Freeman's third 30-point performance of the season helped the Hoyas improve to 16-5 overall, 5-4 in the conference and extend their longest winning streak in league play since a run of six in a row in 2007-08. The Wildcats, meantime, suffered their first loss at home this season (11-1) and their third defeat in four games. Afterward, they lamented their inability to stop Georgetown's leading scorer.

"He made every play down the stretch," Villanova Coach Jay Wright said of Freeman, who grabbed four rebounds and matched a career high with six assists. "And not just shots."
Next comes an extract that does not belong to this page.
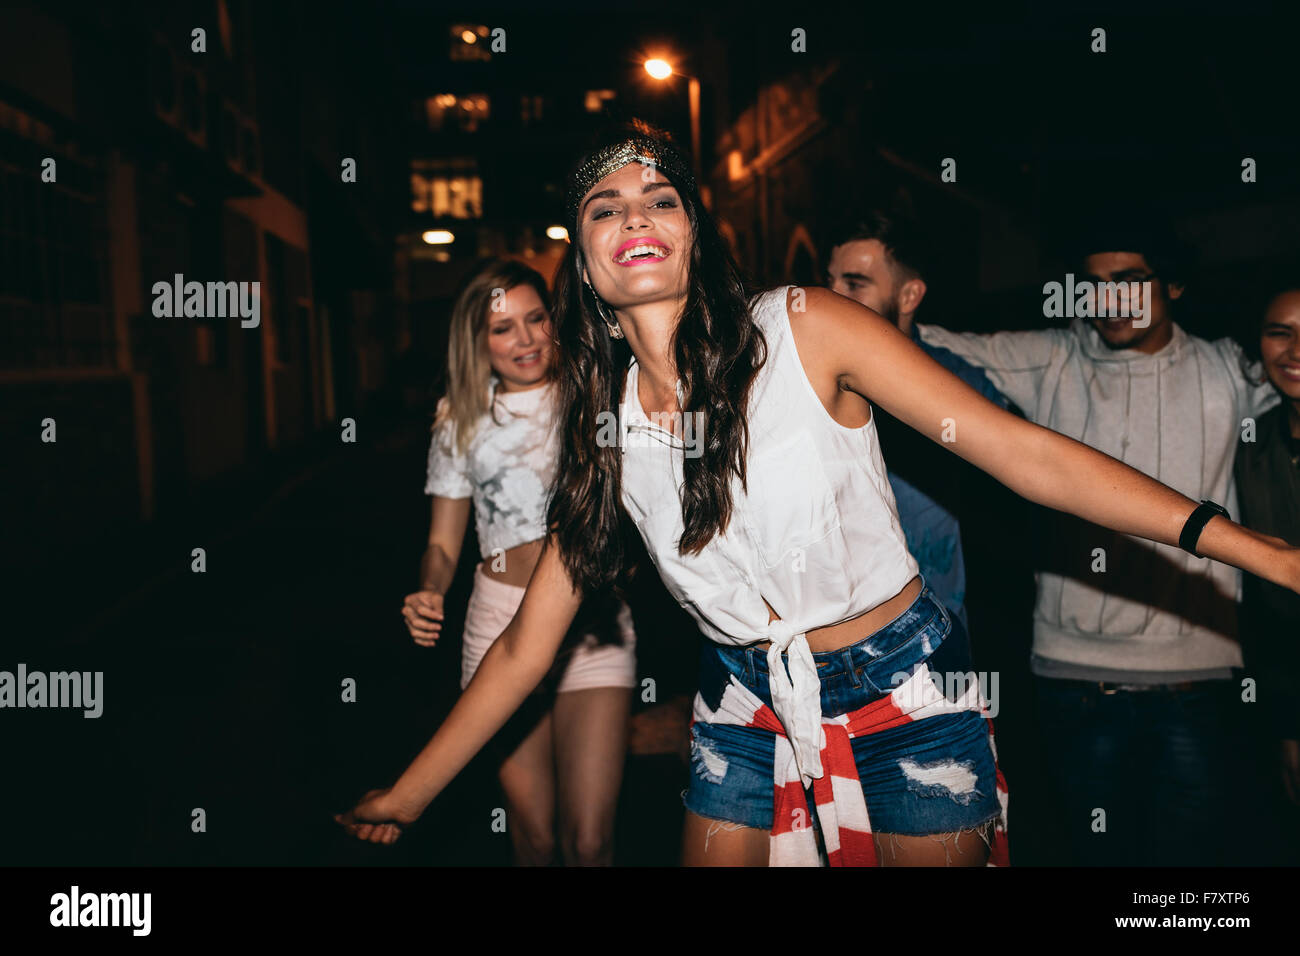 Porträt der schönen jungen Frau tanzen mit ihren Freundinnen im Hintergrund. Glückliche junge Frau in Party mit Freunden in der Nacht. Stockfoto

Despite owning leads of 11 and 10 points in the second half, the Hoyas found themselves clinging to a one-point edge after Corey Stokes and Maalik Wayns led a 6-0 charge that trimmed the visitors' edge to 61-60.
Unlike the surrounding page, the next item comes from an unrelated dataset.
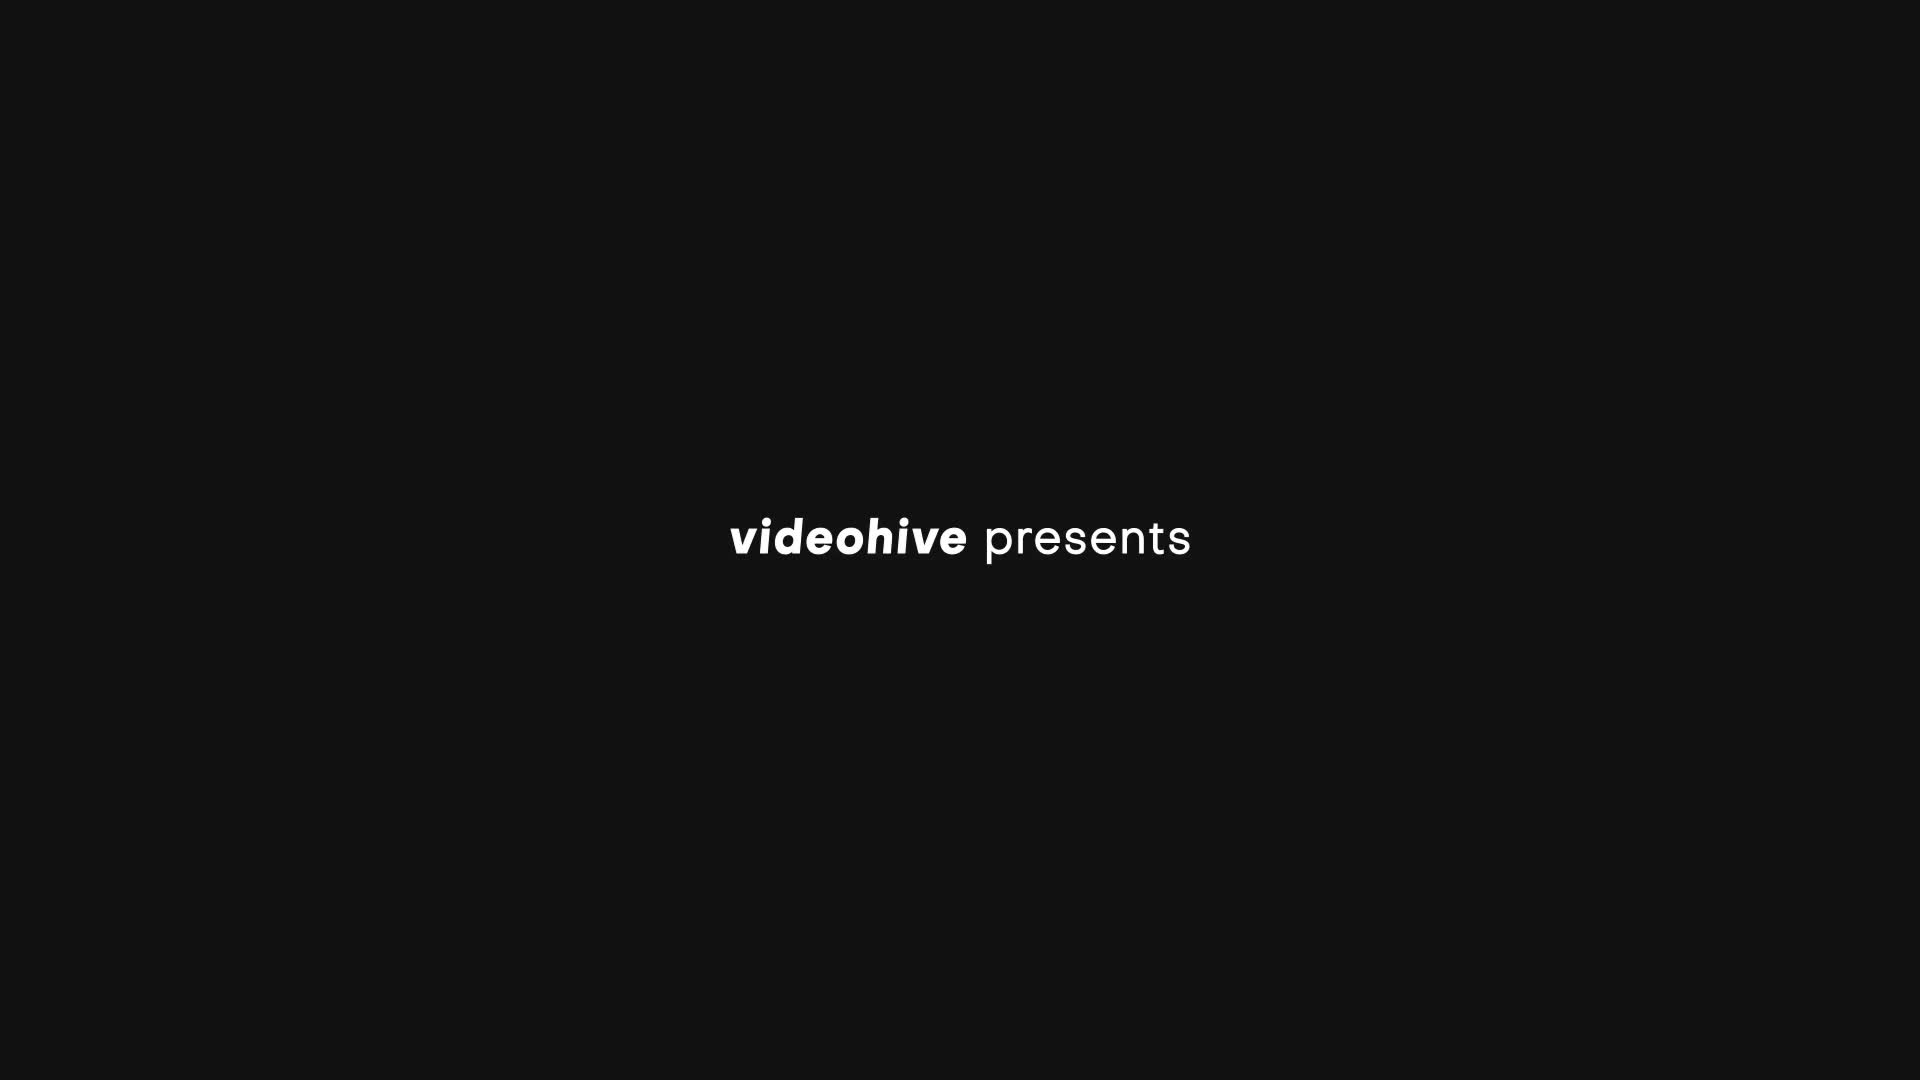 Minimal Promo Slideshow 6 | Premiere Pro Videohive 36517385 Premiere Pro Image 1

That, as it turned out, was Freeman's cue to seize control. He scored a putback of his own miss to restore Georgetown's three-point advantage. Then, after Corey Fisher knocked down a pair free throws, Freeman made one of the Hoyas' biggest shots of the season - with a little help from point guard Chris Wright.

Trapped against the sideline by two Wildcats and out of timeouts, Wright muscled his way through the defenders and fired a cross-court pass to Freeman, who nailed a long jumper just in front of the Georgetown bench to put the Hoyas ahead, 65-62, with 40.9 seconds left to play. Four seconds were on the shot clock when he launched the shot.

"I told you I'm strong," cracked Wright, who had six assists but finished without a point for the first time since his freshman season. "They tried to tackle me and I just tried to break through it."

Freeman added, "When Chris passed me the ball, I at least wanted to get the ball on the rim."

Moments later, Freeman slipped out a trap near midcourt and rifled a pass to Nate Lubick (eight points, three assists) for a wide-open dunk to make the score 67-64. Again, the Wildcats cut their deficit to a point, but after Freeman made a pair of free throws (he's made 23 in a row over the past four games), Antonio Pena and Dominic Cheek each missed desperation three-point attempts as the Hoyas held on and improved to 15-0 when scoring 68 points or more.

One game after shutting down St. John's guards, Georgetown's defense, led by Wright and Lubick, limited the Wildcats to 40.7 percent shooting and contained Fisher, Wayns and Stokes, Villanova's perimeter threats. Six Hoyas blocked at least one shot.

"Defensive focus has been better," Thompson said. "Our guys are starting to take a little bit of ownership and pride in, 'I need to stop my man.' "

Since losing three straight games earlier this month, the Hoyas have fought their way back into contention in a conference that's been anything but predictable. Saturday's win was another huge step.

Pittsburgh Coach Jamie Dixon "said this a few weeks ago: The first part of the season, Big East teams beat up on the rest of the country," Thompson said. "Now conference play starts, we start to beat each other up and people out there are going to start questioning: 'What's wrong with this team? What's wrong with that team?' It's life in the Big East. We had to climb out. And we still are climbing out."

That climb will be much easier if Freeman, the reigning conference player of the week, keeps this up. He's averaging 24.3 points during the winning streak.

"We all have roles, and Austin's role is to score 30 points in games like this," Wright joked. "On the defensive end, we were all focused on guarding penetration and containing our guys and forcing them into tough shots. On offense, it was get the ball to Austin."